Donna L. Potts, professor, English, presented “Too Irish: Representing Ireland and Emigration in Brooklyn” at the American Conference for Irish Studies–western region in Missoula, Mont., where she also moderated a panel on which two graduate students presented papers: Curtis Harty, “Looking for The Man in The Boy: The Failure of Masculine Ideologies and Patriarchal Hierarchies in Patrick McCabe’s The Butcher Boy; and Lissa Scott, “The Nature of the Woods in Sweeney Astray.”
Bill Condon, professor, English, presented “What Can We Learn about Faculty Development? Prizes and Surprises” at the 2016 Assessment Institute at Indiana University–Purdue University in Indianapolis.
Donna Campbell, professor, English, presented “The Story of an Arm: Jack London’s The Iron Heel and Edith Wharton’s The Fruit of the Tree” and “Jack London’s Last Year: the Unfinished Novel Cherry” at the Jack London Society Symposium in Napa, Calif. She presented “Edith Wharton’s Suspense Theater: Gothic Modernism in the Late Stories” at the American Literature Association Society for the Study of the American Short Story conference in Savannah, Ga., where Alex Hammond, professor emeritus, presented “Reconstructions of Poe’s Tales of the Folio Club since 1928: Approaches and Prospects.” Hammond also presented “Melville’s Images of Poe in 1840s New York: Troubled Genius in the Marketplace” at the American Literature Association conference in San Francisco.
Kristin Arola, associate professor, English, was a featured speaker at the Thomas R. Watson Conference on Mobility Work in Composition: Translation, Migration, Transformation at the University of Louisville.
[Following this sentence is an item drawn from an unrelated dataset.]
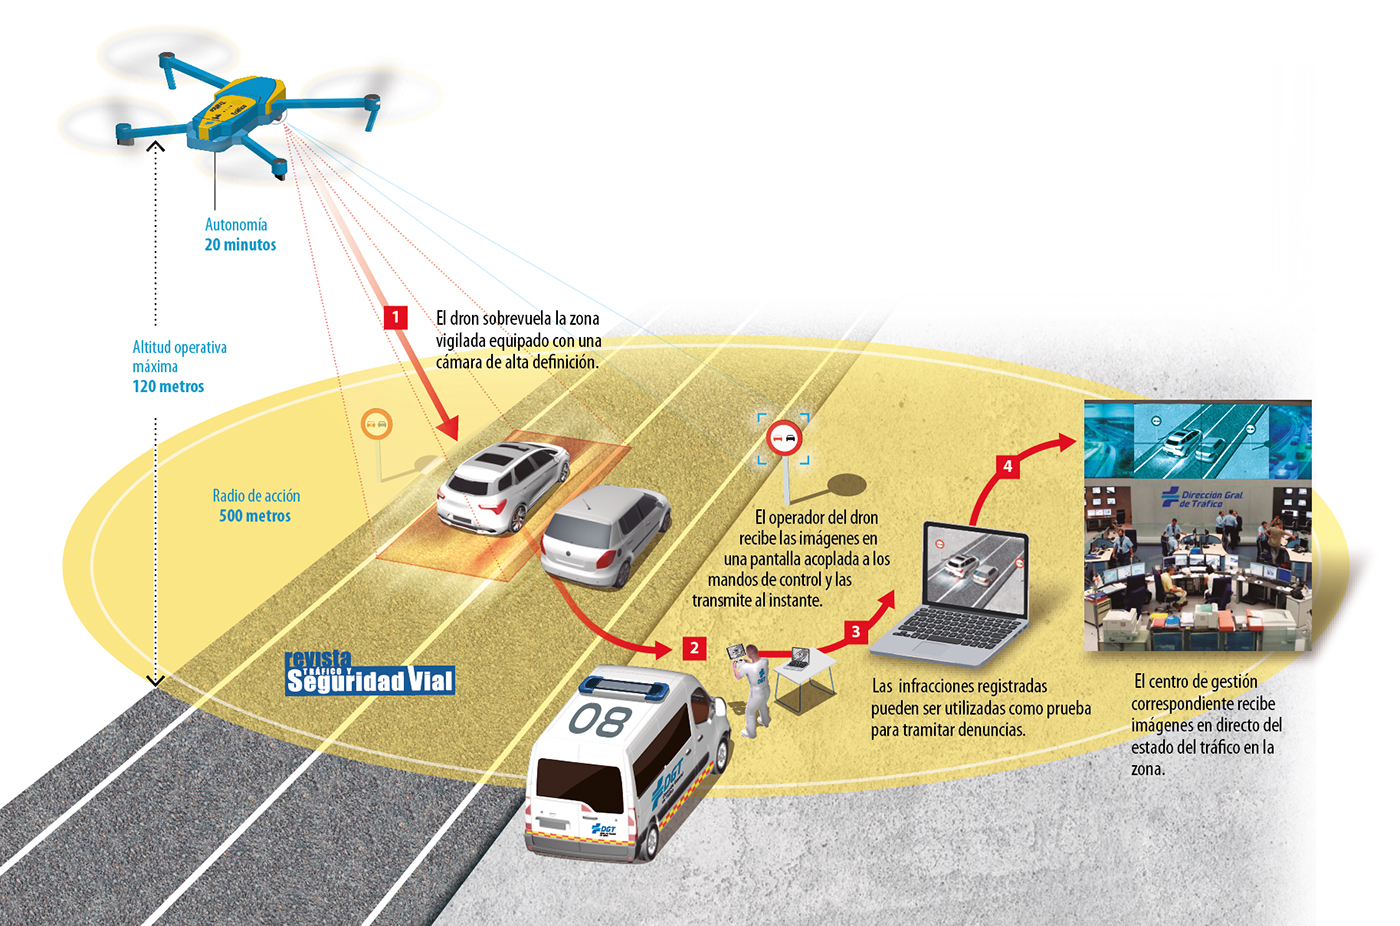 drones-info-ampliada.jpg
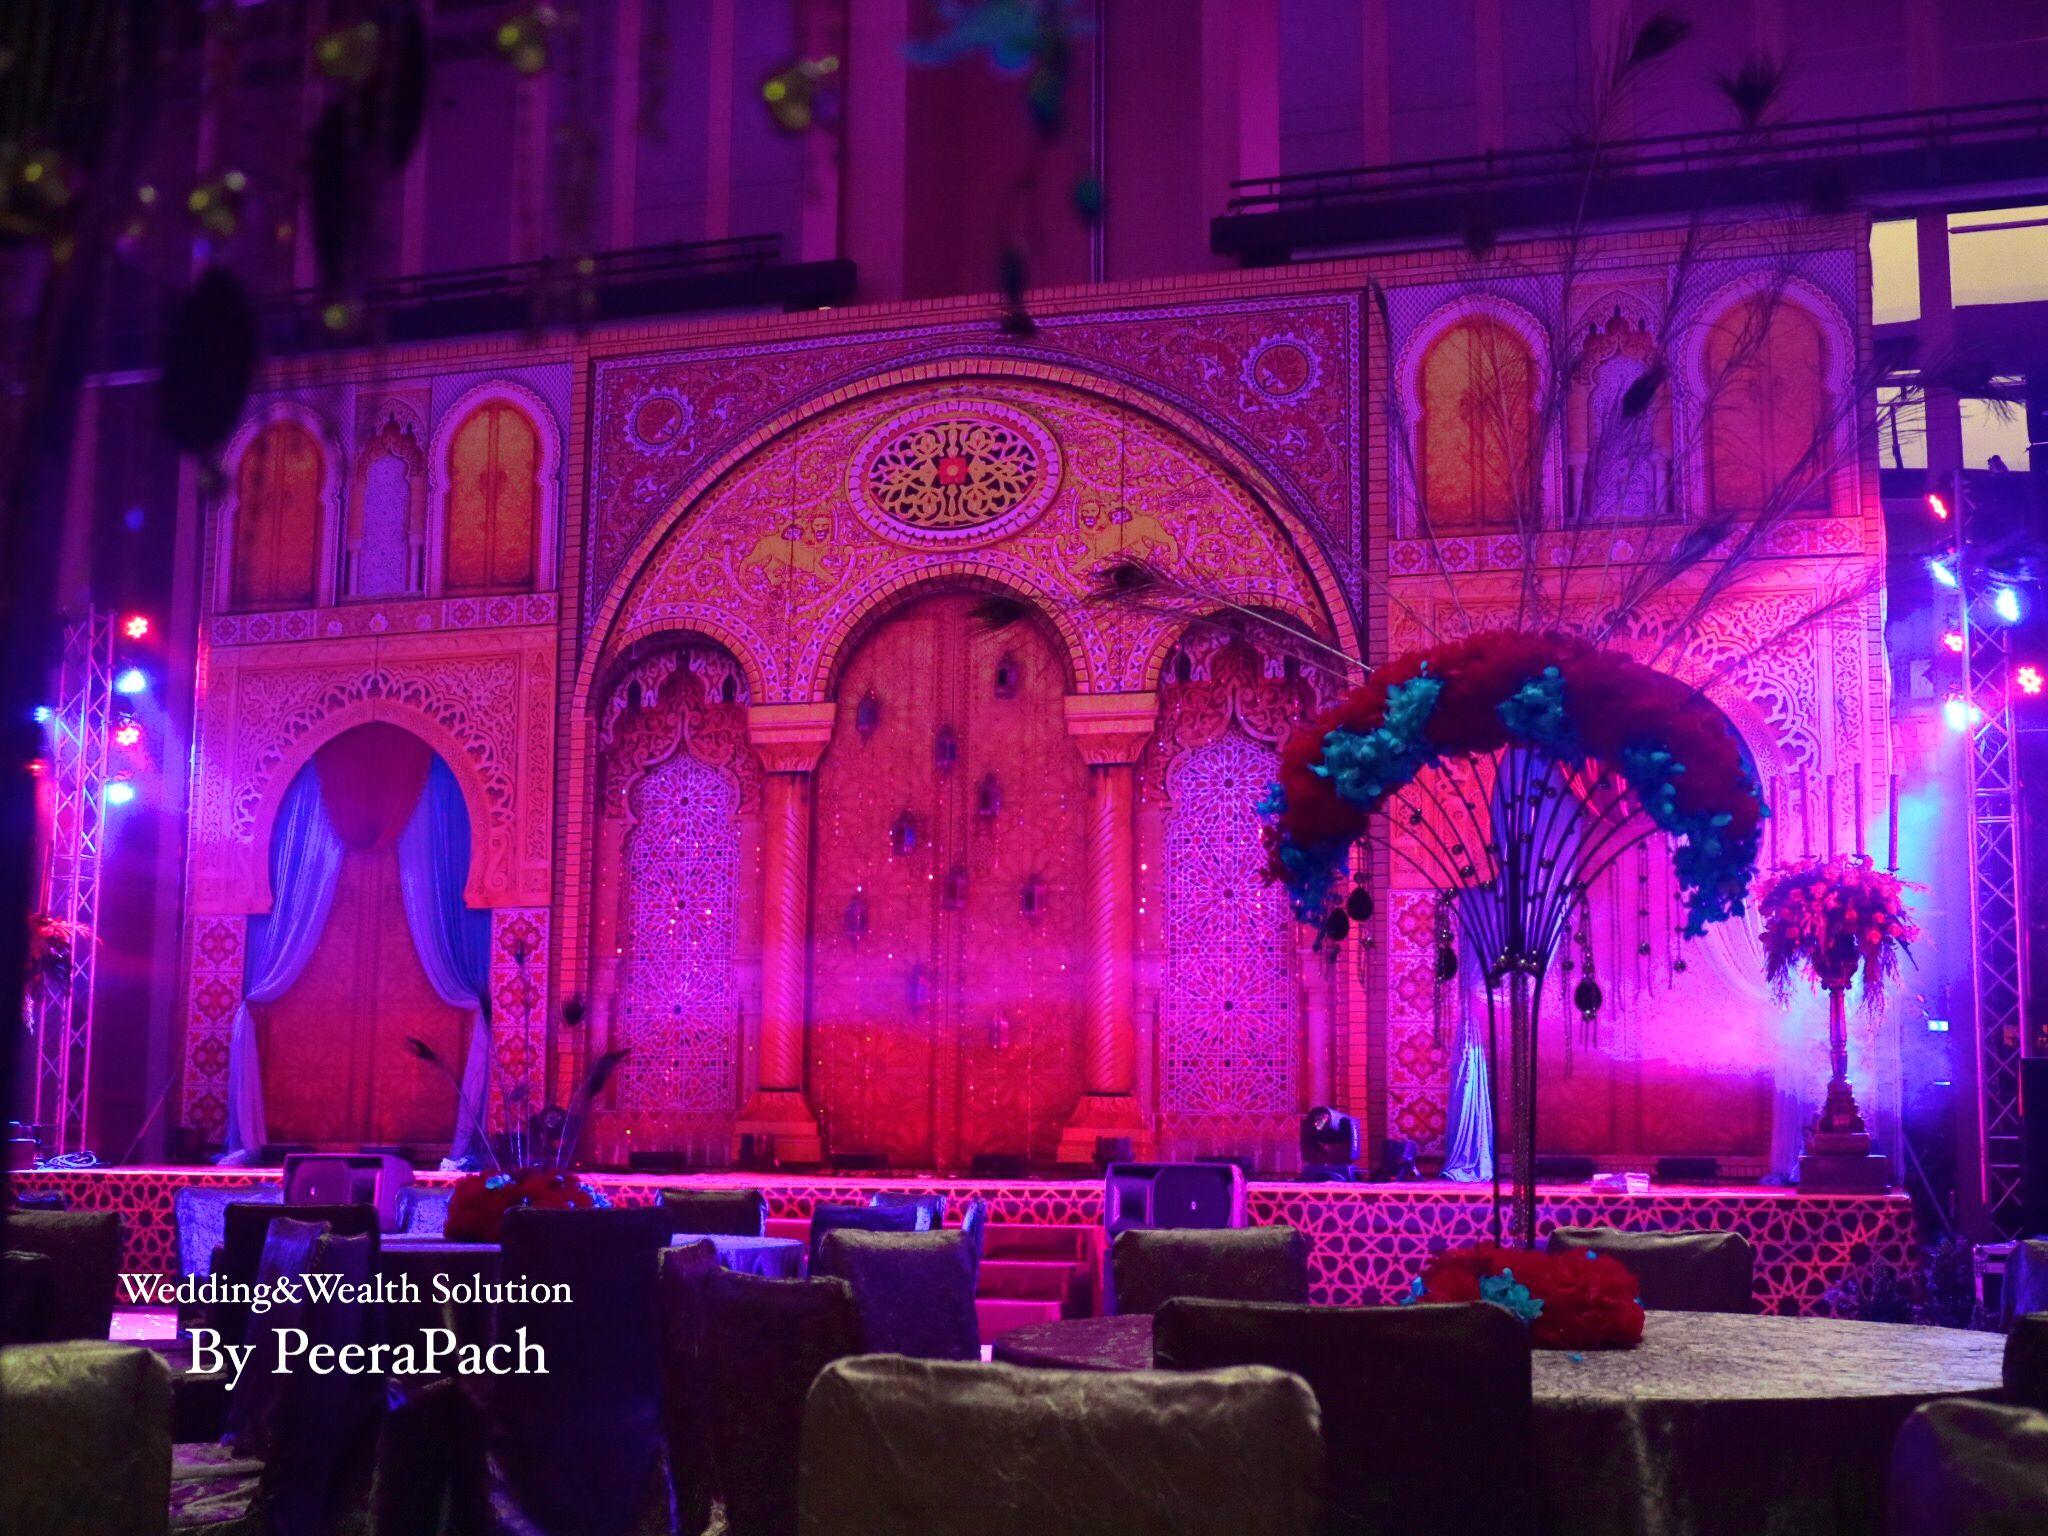 Rajasthani wedding stage decoration  Pin by WeddinguWealth Solution By PeeraPach on Sangeet Decor  Pinterest

Arola and doctoral students Miriam Fernandez and Lucy Johnson presented on “Recollecting and Making” at the Cultural Rhetorics Conference at Michigan State University, in East Lansing, where, graduate students Matt Homer and Edie-Marie Roper also presented.
Bill Griesar, instructor, psychology, and Jeff Leake, outreach coordinator, College of Arts and Sciences, WSU Vancouver, presented unique arts-integrated approach to neuroscience education at the White House Frontiers Conference hosted in Washington, D.C., by President Obama and the White House Office of Science & Technology Policy.
Patricia “Trish” Glazebrook, professor and director, politics, philosophy, and public affairs, presented “The Hunger Games: A Case-Study of Climate Impacts and Women Farmers’ Adaptations in Ghana” at the Inland Northwest Philosophy Conference, co-sponsored by WSU and the University of Idaho and organized by Michael Goldsby, assistant professor, and Joe Campbell , professor. Glazebrook also was a panelist at the Heidegger and Technology Forum, London School of Economics, and presented at two other conferences: “Letting beings be: Gestell, Gelassenheit and gender” at the Heidegger on Technology Conference, University of Sussex, Brighton, UK; and “Eye in the Sky: A Case Study of Drone Law Adequacy” at the Ethics of Counter-Terrorism conference of the Euro International Society for Military Ethics in Europe at Akerhaus Fortress in Oslo. She also presented two invited addresses: “Climate Impacts and women Farmers’ Adaptation in Ghana” at the University of Bergen, Norway; and “Nihilism, Science, and Global Conquest” at the Summer Institute for Continental Philosophy at Douglas College in New Westminster, BC, Canada.
Jeff Vervoort, professor, environment, was named a fellow of the American Geophysical Union in recognition of exceptional scientific contributions. Fellowships are awarded to no more than 0.01 percent of all AGU members annually.
Amber Morczek, doctoral candidate, criminal justice and criminology, presented “Pornography: Normalizing the Relationship Between Violence and Sex” at two New York institutions: SUNY Polytechnic Institute and Syracuse University.
Dene Grigar, associate professor, English, and director, creative media & digital culture, WSU Vancouver, authored Traversals: The Use of Preservation for Early Electronic Writing to bepublished by MIT Press in early 2017. This summer, Grigar was re-elected pesident of the Electronic Literature Organization and chaired its 2016 conference and festival at the University of Victoria, BC. This fall, she will present the keynote address at the International Conference on Digital Media and Textuality at the University of Bremen, Germany, and at the International Digital Media Arts Association conference at Winona (Minn.) State University.